10/09/10 | by JP | Categories: Films

Link: http://www.sidewalkstv.com/specialfeatures/movies/secretariat.html


Can a widely known story about a winning horse make an interesting story as a feature film? Diane Lane and John Malkovich lead the cast as director Randall Walace bring “Secretariat” to the big screen.

Follow up:

SECRETARIAT
WALT DISNEY PICTURES
Rating: PG
U.S. Release Date: October 8, 2010
Cast: Diane Lane, John Malkovich, Dylan Walsh, James Cromwell, Kevin Connolly
Director: Randall Wallace

Studio Synopsis:

Based on the remarkable true story, “Secretariat” chronicles the spectacular journey of the 1973 Triple Crown winner. Housewife and mother Penny Chenery (Diane Lane) agrees to take over her ailing father’s Virginia-based Meadow Stables, despite her lack of horse-racing knowledge. Against all odds, Chenery—with the help of veteran trainer Lucien Laurin (John Malkovich)—manages to navigate the male-dominated business, ultimately fostering the first Triple Crown winner in 25 years and what may be the greatest racehorse of all time.

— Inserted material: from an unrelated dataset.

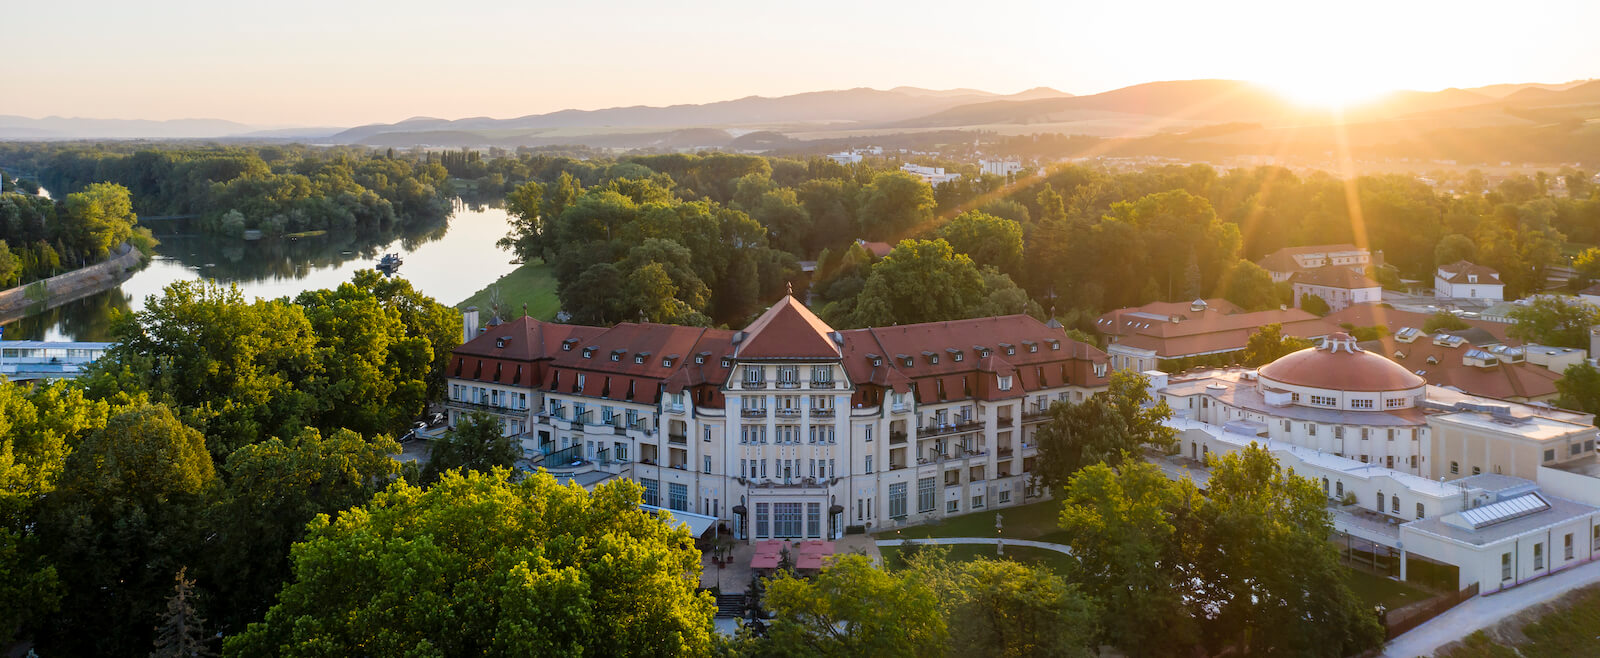 Gezondheidsvakanties naar het luxe 5* resort Thermia Palace Health Spa Resort in het Slowaakse kuuroord Piestany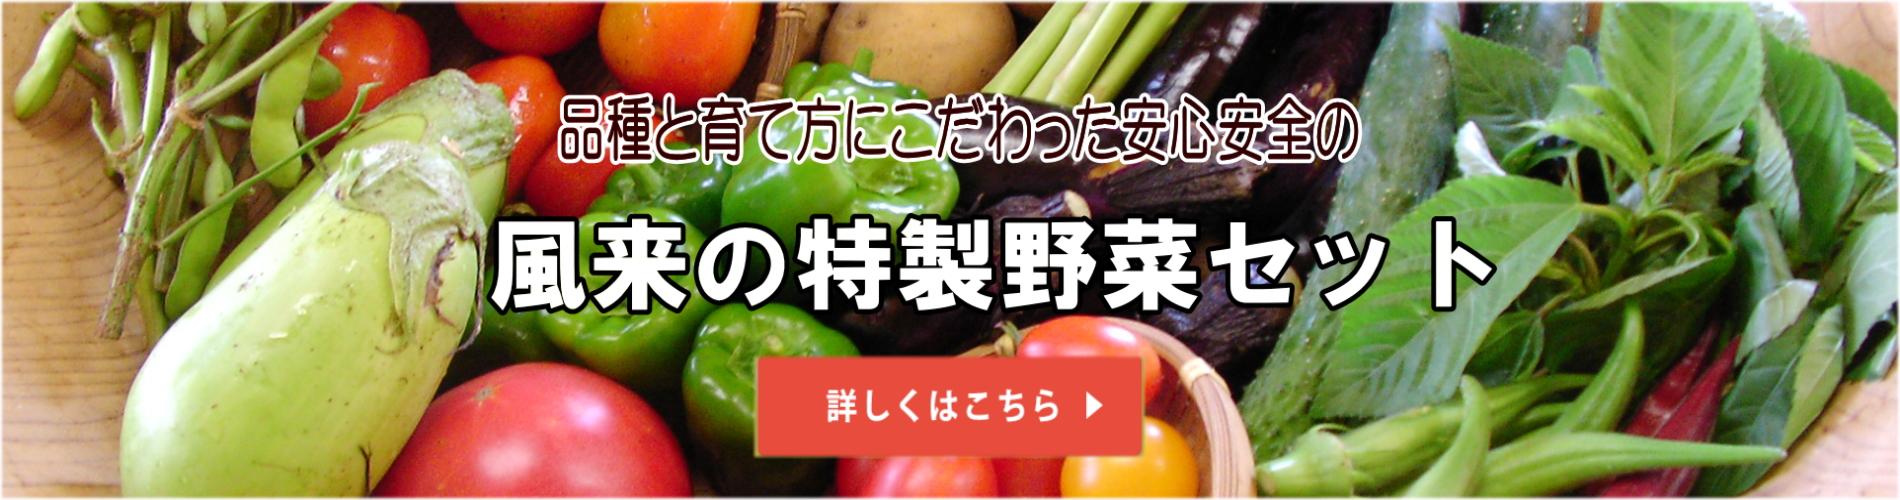 無農薬ハーブ苗・野菜苗

(L-R) Diane Lane and John Malkovich in "SECRETARIAT."
Photo: John Bramley ©Disney Enterprises, Inc. All Rights Reserved.


J.P.'s Take:
Thoroughbred racing was never of any interest to me, and I couldn't understand why many people were so drawn to its flame. In passing, I may have watched a couple of races here and there, but never really stopped to pay attention to care about what's happening. And I've heard the name, Secretariat, uttered even in my day, yet I never knew the real story behind the legendary stallion. So I wasn't really amped about wanted to see this movie in the first place…that is until I started to hear bits and pieces of the story come from the mouths of those who grew up watching history in the making.

“Secretariat” is the type of movie that screams triumph in the face of adversity. That triumphant spirit is due in part to the main character, Penny Chenery-Tweedy (played by Diane Lane), whose drive and diligence gave her enough fuel to keep on her journey. Her every word and every step taken was done with confidence and courage. Being the only woman in the thoroughbred racing business, Penny was stacked with numerous odds against her:

#1) Penny was the only woman in a highly male dominated sport and business, for which she had to prove that she was up to the task of competing with the men.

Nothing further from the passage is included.